Start with what the feature actually does. Persistent context. Background inference. Retrieval from prior sessions. Then ask: is there a plain word for this that does not imply inner experience? Often there is. History instead of memories. Background processing instead of dreaming. Recall is borderline. Reflection is over the line.

Where a human analogy genuinely helps onboarding, use it, but contain it. Put it in the tooltip, not the feature name. Let the marketing layer do metaphor work, but keep the product layer honest.

The companies doing this well tend to be the ones where design and engineering share a vocabulary. When designers understand enough about how a model works to push back on a borrowed word, and when engineers care enough about user mental models to listen, you get names that are both clear and honest. That collaboration is not common. It should be.

For agencies like ours, working at the intersection of AI capability and product experience, this is one of the more interesting problems on the table right now. Not because naming is glamorous, but because every word in a product interface is a small claim about how the world works. In AI products, those claims are adding up.

A quiet park path winding through stylized trees at dusk, with distant city lights.

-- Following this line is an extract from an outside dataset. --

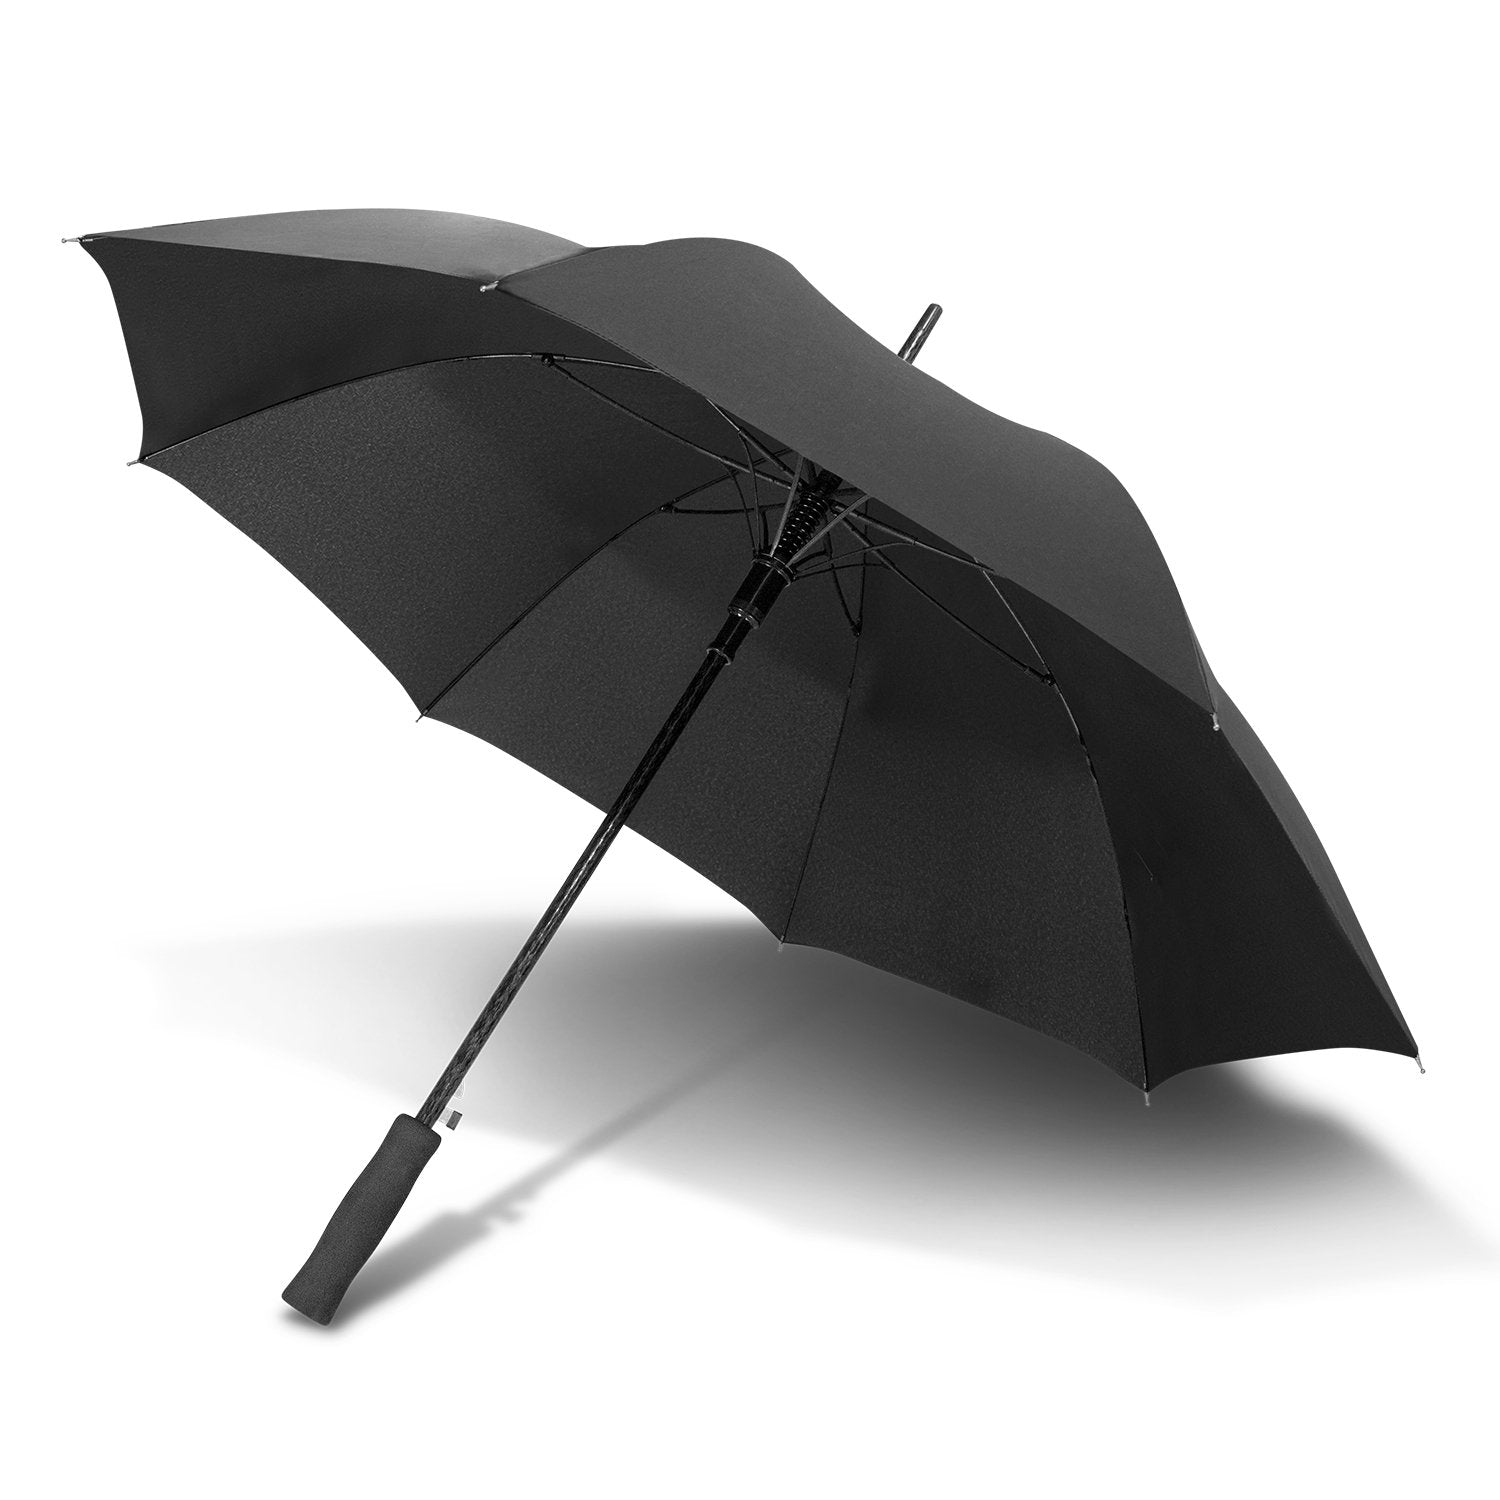 STORM-PROOF®️-heavy-duty-personal-umbrella-windproof-umbrella-auto-open-black-umbrella

Every word in a product interface is a small claim about how the world works. In AI products, those claims are adding up fast.

Max Pinas, Studio Hyra

The question worth sitting with

Anthropics engineers did not build a feature that dreams. They built a feature that runs inference in the background. The naming choice tells you something about the moment we are in: an industry that has built something genuinely new and is still reaching for old words to explain it.

That reach is understandable. It may even be inevitable during the early years of a technology that has no real precedent. But it will need to mature. The more capable these systems become, the more consequential the gap between the word and the thing will be.

At some point, the industry will have to build a vocabulary that belongs to AI rather than borrowed from the experience of being human. That is a design problem as much as a linguistic one. And no one has solved it yet.